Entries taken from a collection
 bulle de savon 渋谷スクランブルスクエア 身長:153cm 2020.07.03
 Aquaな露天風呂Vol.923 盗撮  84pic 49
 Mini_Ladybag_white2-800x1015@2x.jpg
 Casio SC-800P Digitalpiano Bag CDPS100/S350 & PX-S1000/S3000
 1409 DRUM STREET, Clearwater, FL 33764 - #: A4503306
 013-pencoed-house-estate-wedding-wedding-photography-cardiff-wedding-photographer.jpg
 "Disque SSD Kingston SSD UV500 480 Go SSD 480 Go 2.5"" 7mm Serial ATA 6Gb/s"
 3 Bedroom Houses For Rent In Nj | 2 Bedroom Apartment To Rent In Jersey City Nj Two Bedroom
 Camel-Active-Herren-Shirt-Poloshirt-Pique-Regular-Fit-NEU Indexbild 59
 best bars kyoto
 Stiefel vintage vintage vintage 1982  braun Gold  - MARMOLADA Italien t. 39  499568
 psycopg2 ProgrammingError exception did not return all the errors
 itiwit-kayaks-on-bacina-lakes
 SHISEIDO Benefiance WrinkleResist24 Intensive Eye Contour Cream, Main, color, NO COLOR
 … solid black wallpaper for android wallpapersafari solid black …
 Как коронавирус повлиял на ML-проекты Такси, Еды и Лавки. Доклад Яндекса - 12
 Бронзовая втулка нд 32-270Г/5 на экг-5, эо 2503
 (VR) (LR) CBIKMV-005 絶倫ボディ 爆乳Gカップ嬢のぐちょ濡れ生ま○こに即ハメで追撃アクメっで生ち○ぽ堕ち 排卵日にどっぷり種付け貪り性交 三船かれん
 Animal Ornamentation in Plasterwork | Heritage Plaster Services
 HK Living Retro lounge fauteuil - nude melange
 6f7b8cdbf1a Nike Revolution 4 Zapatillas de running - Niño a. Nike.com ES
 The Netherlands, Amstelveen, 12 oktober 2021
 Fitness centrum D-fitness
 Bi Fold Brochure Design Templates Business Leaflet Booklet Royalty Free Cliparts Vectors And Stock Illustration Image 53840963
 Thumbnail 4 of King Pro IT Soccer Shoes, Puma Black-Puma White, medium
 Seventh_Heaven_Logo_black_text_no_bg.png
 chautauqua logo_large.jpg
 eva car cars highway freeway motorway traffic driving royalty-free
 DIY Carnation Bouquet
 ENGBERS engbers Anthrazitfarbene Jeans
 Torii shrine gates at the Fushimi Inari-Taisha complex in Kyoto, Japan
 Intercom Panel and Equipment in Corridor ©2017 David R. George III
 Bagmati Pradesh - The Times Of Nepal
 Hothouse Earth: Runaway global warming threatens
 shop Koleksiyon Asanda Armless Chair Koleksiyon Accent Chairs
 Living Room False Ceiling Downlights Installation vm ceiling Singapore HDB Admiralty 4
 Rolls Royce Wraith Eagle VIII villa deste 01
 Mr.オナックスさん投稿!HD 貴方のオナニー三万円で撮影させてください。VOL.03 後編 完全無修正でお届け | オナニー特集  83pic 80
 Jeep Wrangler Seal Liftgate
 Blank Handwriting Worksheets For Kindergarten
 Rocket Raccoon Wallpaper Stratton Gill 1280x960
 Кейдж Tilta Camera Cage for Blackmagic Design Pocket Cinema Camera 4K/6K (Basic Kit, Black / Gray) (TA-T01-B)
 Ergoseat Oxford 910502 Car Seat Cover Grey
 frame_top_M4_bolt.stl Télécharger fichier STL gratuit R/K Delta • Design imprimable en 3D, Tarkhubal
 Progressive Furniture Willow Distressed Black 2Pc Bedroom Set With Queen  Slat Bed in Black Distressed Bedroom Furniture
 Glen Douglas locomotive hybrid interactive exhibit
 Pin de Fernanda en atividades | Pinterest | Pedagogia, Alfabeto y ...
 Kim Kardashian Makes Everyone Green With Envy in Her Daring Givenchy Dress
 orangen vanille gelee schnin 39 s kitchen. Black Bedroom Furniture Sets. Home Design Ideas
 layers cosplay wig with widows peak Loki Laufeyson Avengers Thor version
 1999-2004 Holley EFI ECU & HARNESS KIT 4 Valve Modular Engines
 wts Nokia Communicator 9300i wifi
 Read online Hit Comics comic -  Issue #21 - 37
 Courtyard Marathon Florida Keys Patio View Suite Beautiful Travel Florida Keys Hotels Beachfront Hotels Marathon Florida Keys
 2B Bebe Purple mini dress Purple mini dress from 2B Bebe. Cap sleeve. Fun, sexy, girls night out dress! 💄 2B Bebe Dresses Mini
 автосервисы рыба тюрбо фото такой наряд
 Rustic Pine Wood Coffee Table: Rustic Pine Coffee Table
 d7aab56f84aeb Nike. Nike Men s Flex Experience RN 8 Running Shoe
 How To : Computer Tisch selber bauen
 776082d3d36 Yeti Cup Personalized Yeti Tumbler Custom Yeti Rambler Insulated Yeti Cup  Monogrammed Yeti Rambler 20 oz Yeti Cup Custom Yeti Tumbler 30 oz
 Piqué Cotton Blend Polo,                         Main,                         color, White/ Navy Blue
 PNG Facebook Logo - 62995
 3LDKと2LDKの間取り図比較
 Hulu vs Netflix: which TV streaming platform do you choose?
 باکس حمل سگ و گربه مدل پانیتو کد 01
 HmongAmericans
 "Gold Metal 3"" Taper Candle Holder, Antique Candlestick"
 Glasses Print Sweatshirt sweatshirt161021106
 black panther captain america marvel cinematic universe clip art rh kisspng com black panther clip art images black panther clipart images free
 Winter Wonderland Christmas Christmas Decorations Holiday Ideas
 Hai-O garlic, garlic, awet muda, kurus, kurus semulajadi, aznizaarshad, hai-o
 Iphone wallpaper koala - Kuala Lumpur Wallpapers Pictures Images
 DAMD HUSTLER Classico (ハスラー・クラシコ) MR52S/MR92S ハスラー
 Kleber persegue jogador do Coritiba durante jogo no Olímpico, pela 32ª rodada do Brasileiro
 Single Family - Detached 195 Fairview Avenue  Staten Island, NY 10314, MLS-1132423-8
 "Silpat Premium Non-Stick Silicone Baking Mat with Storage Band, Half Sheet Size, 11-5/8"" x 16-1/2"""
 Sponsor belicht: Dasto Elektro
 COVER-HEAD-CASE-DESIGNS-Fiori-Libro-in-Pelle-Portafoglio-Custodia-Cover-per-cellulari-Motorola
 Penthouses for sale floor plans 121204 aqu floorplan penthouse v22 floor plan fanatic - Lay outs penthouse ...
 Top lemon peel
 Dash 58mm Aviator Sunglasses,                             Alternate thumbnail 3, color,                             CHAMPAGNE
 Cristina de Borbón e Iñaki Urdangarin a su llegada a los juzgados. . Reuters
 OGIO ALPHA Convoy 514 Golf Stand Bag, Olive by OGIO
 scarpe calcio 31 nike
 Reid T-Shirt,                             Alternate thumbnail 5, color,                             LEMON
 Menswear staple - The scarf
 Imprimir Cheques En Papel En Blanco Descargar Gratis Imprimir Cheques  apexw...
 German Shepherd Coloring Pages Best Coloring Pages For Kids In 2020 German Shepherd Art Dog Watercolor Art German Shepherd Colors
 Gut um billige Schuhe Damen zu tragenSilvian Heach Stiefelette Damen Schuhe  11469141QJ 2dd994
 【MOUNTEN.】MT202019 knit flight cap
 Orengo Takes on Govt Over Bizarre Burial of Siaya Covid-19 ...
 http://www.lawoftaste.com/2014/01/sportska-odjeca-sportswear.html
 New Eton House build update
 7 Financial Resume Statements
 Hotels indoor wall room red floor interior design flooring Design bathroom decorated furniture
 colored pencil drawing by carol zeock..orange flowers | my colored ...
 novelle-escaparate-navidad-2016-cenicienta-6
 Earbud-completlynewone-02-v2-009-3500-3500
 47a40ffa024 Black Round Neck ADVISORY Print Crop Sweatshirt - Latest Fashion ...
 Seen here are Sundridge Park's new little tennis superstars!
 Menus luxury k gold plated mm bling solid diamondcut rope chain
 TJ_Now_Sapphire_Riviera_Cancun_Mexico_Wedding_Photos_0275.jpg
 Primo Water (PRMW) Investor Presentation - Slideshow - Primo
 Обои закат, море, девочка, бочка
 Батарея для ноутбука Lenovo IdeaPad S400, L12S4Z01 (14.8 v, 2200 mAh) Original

## WORK REQUIRED
Would you output, from the records above, exactly the run of lines that starts at the line containing "1409 DRUM STREET, Clearwater, FL" and ends at the line containing "Torii shrine gates", and only that run?

## COMPLETED TASK
 1409 DRUM STREET, Clearwater, FL 33764 - #: A4503306
 013-pencoed-house-estate-wedding-wedding-photography-cardiff-wedding-photographer.jpg
 "Disque SSD Kingston SSD UV500 480 Go SSD 480 Go 2.5"" 7mm Serial ATA 6Gb/s"
 3 Bedroom Houses For Rent In Nj | 2 Bedroom Apartment To Rent In Jersey City Nj Two Bedroom
 Camel-Active-Herren-Shirt-Poloshirt-Pique-Regular-Fit-NEU Indexbild 59
 best bars kyoto
 Stiefel vintage vintage vintage 1982  braun Gold  - MARMOLADA Italien t. 39  499568
 psycopg2 ProgrammingError exception did not return all the errors
 itiwit-kayaks-on-bacina-lakes
 SHISEIDO Benefiance WrinkleResist24 Intensive Eye Contour Cream, Main, color, NO COLOR
 … solid black wallpaper for android wallpapersafari solid black …
 Как коронавирус повлиял на ML-проекты Такси, Еды и Лавки. Доклад Яндекса - 12
 Бронзовая втулка нд 32-270Г/5 на экг-5, эо 2503
 (VR) (LR) CBIKMV-005 絶倫ボディ 爆乳Gカップ嬢のぐちょ濡れ生ま○こに即ハメで追撃アクメっで生ち○ぽ堕ち 排卵日にどっぷり種付け貪り性交 三船かれん
 Animal Ornamentation in Plasterwork | Heritage Plaster Services
 HK Living Retro lounge fauteuil - nude melange
 6f7b8cdbf1a Nike Revolution 4 Zapatillas de running - Niño a. Nike.com ES
 The Netherlands, Amstelveen, 12 oktober 2021
 Fitness centrum D-fitness
 Bi Fold Brochure Design Templates Business Leaflet Booklet Royalty Free Cliparts Vectors And Stock Illustration Image 53840963
 Thumbnail 4 of King Pro IT Soccer Shoes, Puma Black-Puma White, medium
 Seventh_Heaven_Logo_black_text_no_bg.png
 chautauqua logo_large.jpg
 eva car cars highway freeway motorway traffic driving royalty-free
 DIY Carnation Bouquet
 ENGBERS engbers Anthrazitfarbene Jeans
 Torii shrine gates at the Fushimi Inari-Taisha complex in Kyoto, Japan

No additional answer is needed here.